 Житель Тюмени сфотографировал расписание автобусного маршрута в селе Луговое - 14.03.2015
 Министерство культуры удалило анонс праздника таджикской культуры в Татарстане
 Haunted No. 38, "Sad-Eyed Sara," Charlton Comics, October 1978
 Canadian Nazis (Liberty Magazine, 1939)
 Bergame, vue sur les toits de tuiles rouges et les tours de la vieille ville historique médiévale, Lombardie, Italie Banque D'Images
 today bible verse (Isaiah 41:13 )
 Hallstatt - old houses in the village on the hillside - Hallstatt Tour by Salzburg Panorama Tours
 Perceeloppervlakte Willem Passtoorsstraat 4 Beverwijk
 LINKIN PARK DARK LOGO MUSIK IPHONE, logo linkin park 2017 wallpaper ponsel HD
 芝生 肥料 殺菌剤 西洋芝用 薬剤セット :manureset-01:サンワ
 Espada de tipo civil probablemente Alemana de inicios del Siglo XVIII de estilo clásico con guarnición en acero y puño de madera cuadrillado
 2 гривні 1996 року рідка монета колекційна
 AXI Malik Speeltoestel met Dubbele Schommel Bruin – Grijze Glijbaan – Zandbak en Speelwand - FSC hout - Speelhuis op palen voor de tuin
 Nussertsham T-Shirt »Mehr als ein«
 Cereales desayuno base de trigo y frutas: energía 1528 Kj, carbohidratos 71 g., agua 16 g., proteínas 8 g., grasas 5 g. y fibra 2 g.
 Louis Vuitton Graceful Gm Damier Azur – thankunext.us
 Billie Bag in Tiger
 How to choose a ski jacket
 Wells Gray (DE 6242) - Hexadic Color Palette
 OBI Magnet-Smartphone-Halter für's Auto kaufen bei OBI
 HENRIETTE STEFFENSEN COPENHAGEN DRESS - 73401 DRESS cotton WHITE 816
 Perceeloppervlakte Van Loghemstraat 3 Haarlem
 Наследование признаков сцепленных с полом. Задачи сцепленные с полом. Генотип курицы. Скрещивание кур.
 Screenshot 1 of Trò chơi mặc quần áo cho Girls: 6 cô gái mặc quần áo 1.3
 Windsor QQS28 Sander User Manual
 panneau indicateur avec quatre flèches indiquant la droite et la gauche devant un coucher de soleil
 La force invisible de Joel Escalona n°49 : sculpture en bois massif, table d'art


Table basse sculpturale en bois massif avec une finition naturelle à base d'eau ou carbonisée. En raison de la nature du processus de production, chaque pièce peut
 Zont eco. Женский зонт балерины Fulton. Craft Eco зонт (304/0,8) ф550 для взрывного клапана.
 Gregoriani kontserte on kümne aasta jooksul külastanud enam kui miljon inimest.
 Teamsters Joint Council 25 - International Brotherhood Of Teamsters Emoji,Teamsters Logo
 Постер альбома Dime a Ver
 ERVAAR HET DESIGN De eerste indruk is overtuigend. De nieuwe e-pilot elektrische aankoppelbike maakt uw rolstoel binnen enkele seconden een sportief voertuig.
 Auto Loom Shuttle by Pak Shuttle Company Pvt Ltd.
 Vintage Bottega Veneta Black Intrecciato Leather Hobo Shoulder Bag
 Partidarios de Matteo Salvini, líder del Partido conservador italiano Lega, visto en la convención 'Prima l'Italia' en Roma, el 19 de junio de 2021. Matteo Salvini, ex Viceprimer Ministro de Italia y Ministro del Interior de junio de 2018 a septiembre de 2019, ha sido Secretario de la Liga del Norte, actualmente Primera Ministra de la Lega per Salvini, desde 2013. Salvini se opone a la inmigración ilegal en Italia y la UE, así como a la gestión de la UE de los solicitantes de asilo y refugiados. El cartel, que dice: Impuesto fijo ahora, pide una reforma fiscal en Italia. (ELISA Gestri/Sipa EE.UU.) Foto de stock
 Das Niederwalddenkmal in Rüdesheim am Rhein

★ ★ ★

> **ABOUT THIS EXERCISE**: Every line that holds the word "bois" should be copied from the listing.

> **EXERCISE SOLUTION**:
 La force invisible de Joel Escalona n°49 : sculpture en bois massif, table d'art
Table basse sculpturale en bois massif avec une finition naturelle à base d'eau ou carbonisée. En raison de la nature du processus de production, chaque pièce peut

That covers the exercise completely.